Established in 2007, the Pumlumon Project is pioneering the development of an upland economy across 150 square miles of the Cambrian Mountains. The project has been working with landowners to deliver practical land management measures that benefit wildlife alongside the management of the land for water, carbon and wider social and economic benefits. This has involved the re-wetting and restoration of blanket bog.
The Pumlumon area has the potential to absorb and store huge amounts of carbon at a very modest cost. On one landholding the project blocked 11km (6.8 miles) of ditches, restoring 105ha of peat bog, and safeguarding 82,500 tonnes of carbon.
Lower Smite Farm
At Lower Smite Farm, a 150 acre arable farm run by Worcestershire Wildlife Trust, you can see organic and conventional farming working side by side. Due to the post-war intensification of farming, the soil at Lower Smite has steadily declined. The soil had become almost totally reliant on artificial inputs to grow arable crops. With around 75% of terrestrial wildlife living in the soil a thriving soil food web is vital to the recovery of the majority of farmland wildlife.
Rebuilding humus levels and earthworm numbers are a priority. The Wildlife Trust have planted a wide range of ‘green manure’ mixes, including red and white clovers, cocksfoot, yellow trefoil and phacaelia to ‘feed’ the soil and encourage microbial activity. These mixes also provide good forage for sheep and cattle.
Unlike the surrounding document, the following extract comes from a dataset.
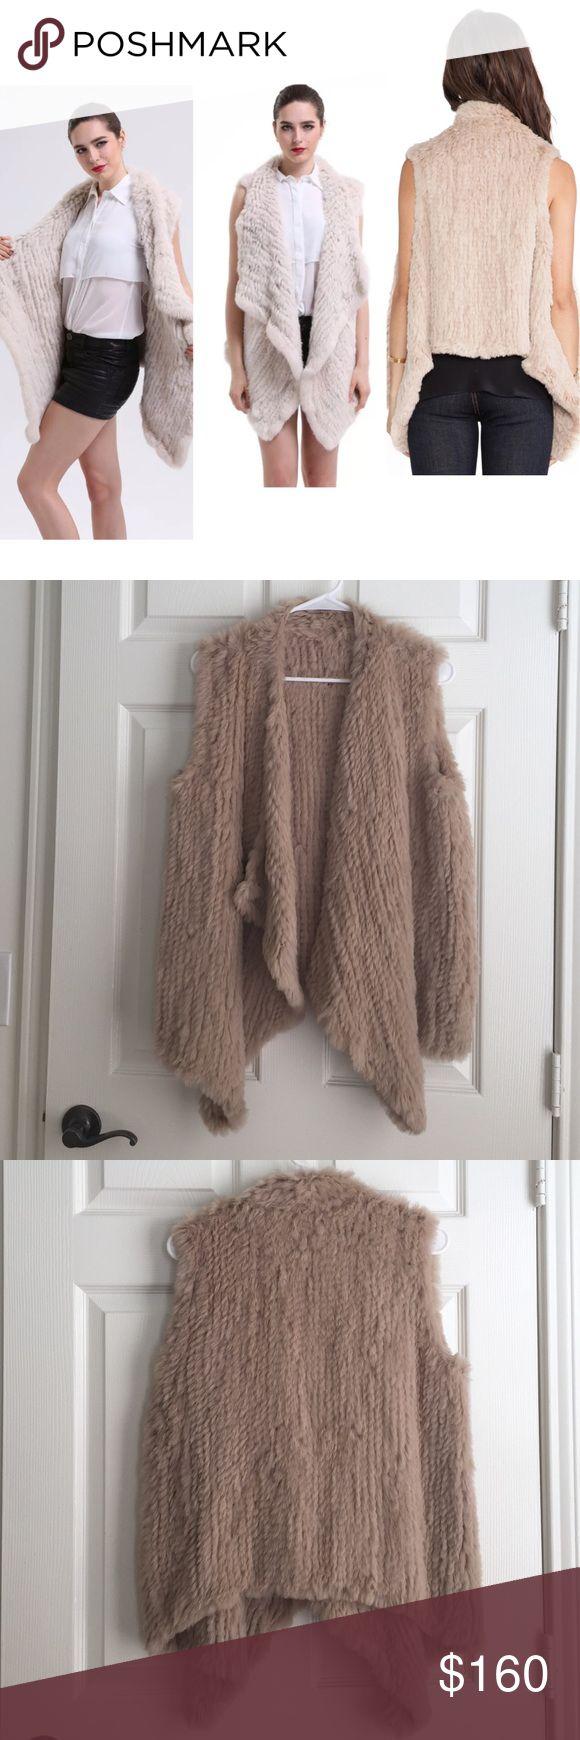 Rabbit fur vest in beige Worn once,super soft,❌NO TRADE‼️ handmade Jackets & Coats Vests
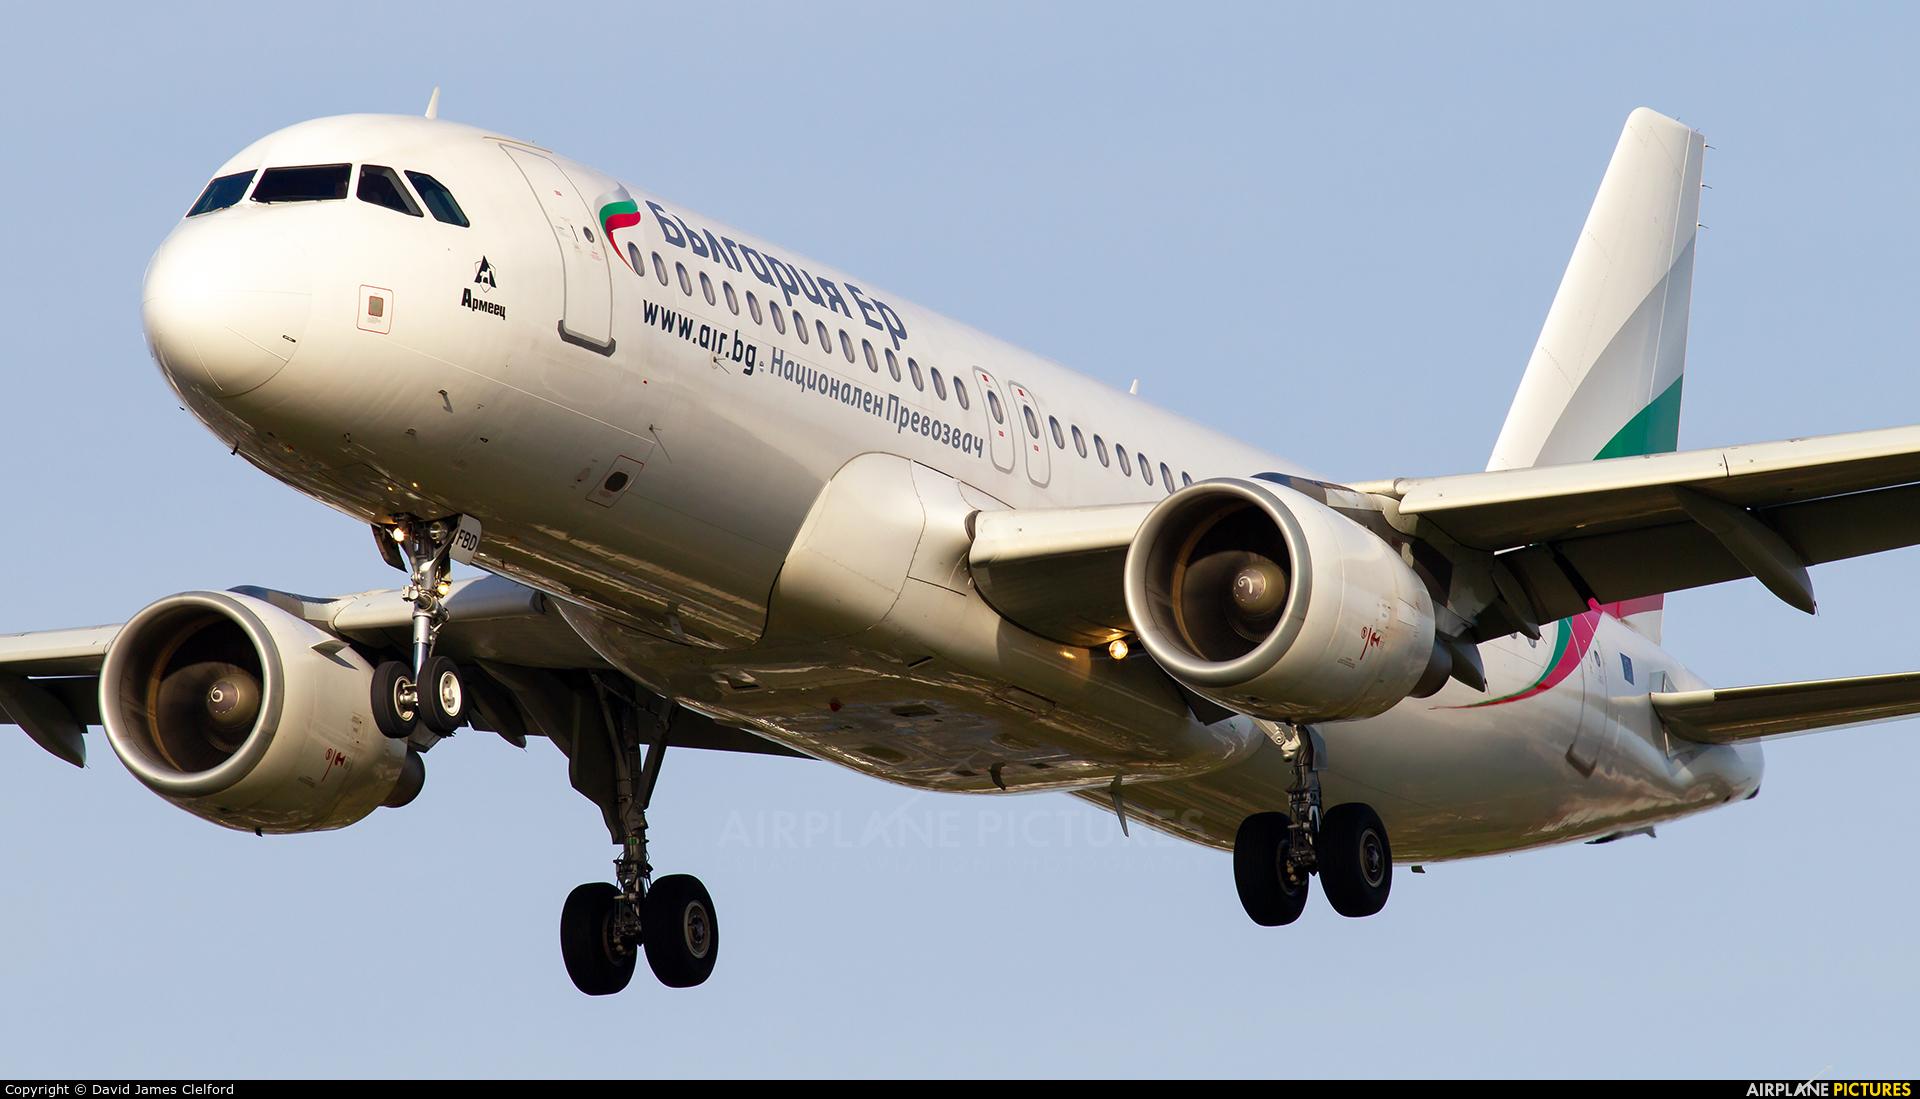 Bulgaria Air LZ-FBD aircraft at London - Heathrow

Rebuilding humus levels and earthworm numbers are a priority.
Earthworms are not only the ‘lungs’ of the soil they are directly linked to the survival and abundance of a wide range of farmland wildlife including thrushes, lapwing, curlew, buzzard, moles, badger, robins, rooks and frogs. A healthy soil is fundamental to creating a cropping system able to cope with the adverse weather patterns created by climate change.